As illustrated in Table 1, one can obviously notice how significantly poorly EMICP and Horn perform. This drawback often occurs when the shapes present some symmetry. On the other hand, WICP is better endowed to cope with such drawbacks since it leverages knowledge about the quality of features, which helps it in discarding noisy elements. More importantly, KF and RF are both comparably superior in term of accuracy, but RF is more precise due to the control of uncertainty in parameters.

Table 1 RMSE (mm) for the whole sets of samples: 1000 for each simulation scenario and 120 for every version of Kinects

8 Conclusion and future works

A novel approach for robust 3D point cloud registration was presented. This contribution is based on a recursive optimal state estimation. After establishing the link between WLS and its original counterpart (LS), 3D point cloud registration problem was fitted to KF scheme. However, since KF parameters for 3D registration (state and projection matrices) are built from noisy data, a non-negligible estimation instability was noticed. Consequently, we modelled the uncertainty and overcame it with an RF-based solution.

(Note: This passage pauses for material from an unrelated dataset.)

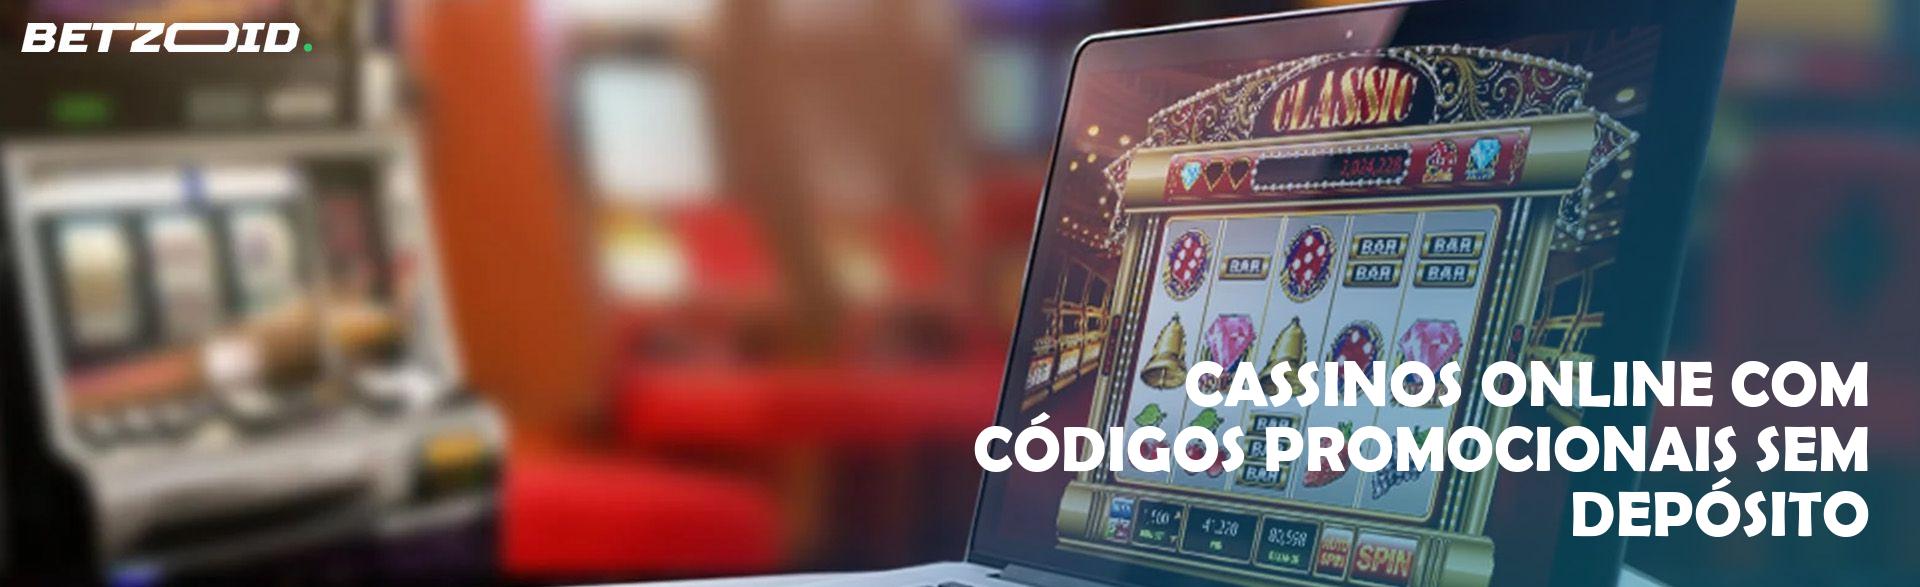 Cassinos Online com Códigos Promocionais sem Depósito.

The accuracy of the proposed solution was tested on many synthetic as well as real 3D samples delivered by Kinect. Precision, on the other hand, can be seen on the relatively small difference in accuracy among comparably noisy samples (red error bars in Figs. 1c, d and 2a–c on the black line).

The proposed solution requires some feature points to be extracted from the source and the target point clouds before the alignment is carried out. The number of keypoints is relatively small compared to the size of point clouds. In addition, our solution can be extended to any dimension for data that can be point clouds, meshes as well as surfaces, given that some distinctive features are available.

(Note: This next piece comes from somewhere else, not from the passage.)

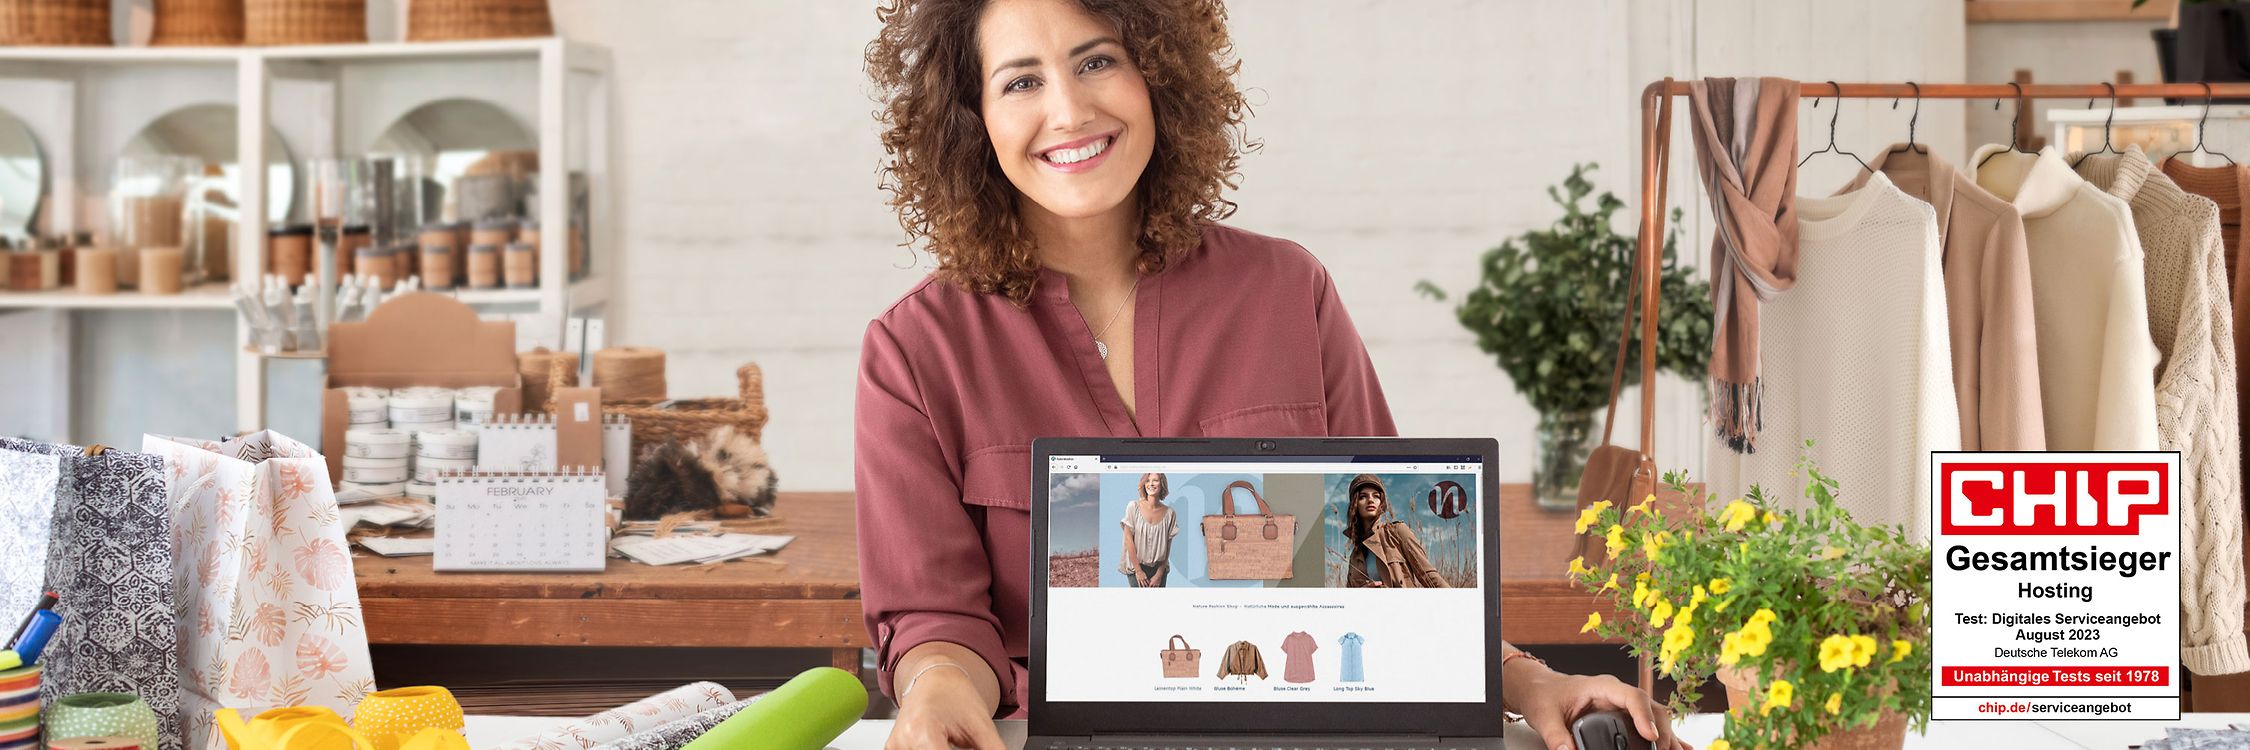 Fröhliche Geschäftsfrau präsentiert in ihrem Laden auf einem Laptop ihren neuen mit der Telekom erstellten Webshop.

As a future work, we intend to investigate alternative applications of recursive filtering algorithms in the field of computer vision. It would be also interesting to implement RF registration in the graphic processor to reach higher frame rates. In addition, in a multiview registration scenario (many sensors streaming images concurrently), data fusion algorithms open a new perspective for the users to reconstruct 3D scenes and to track moving objects cooperatively. This new horizon is convenient for the technologies of virtual and augmented reality.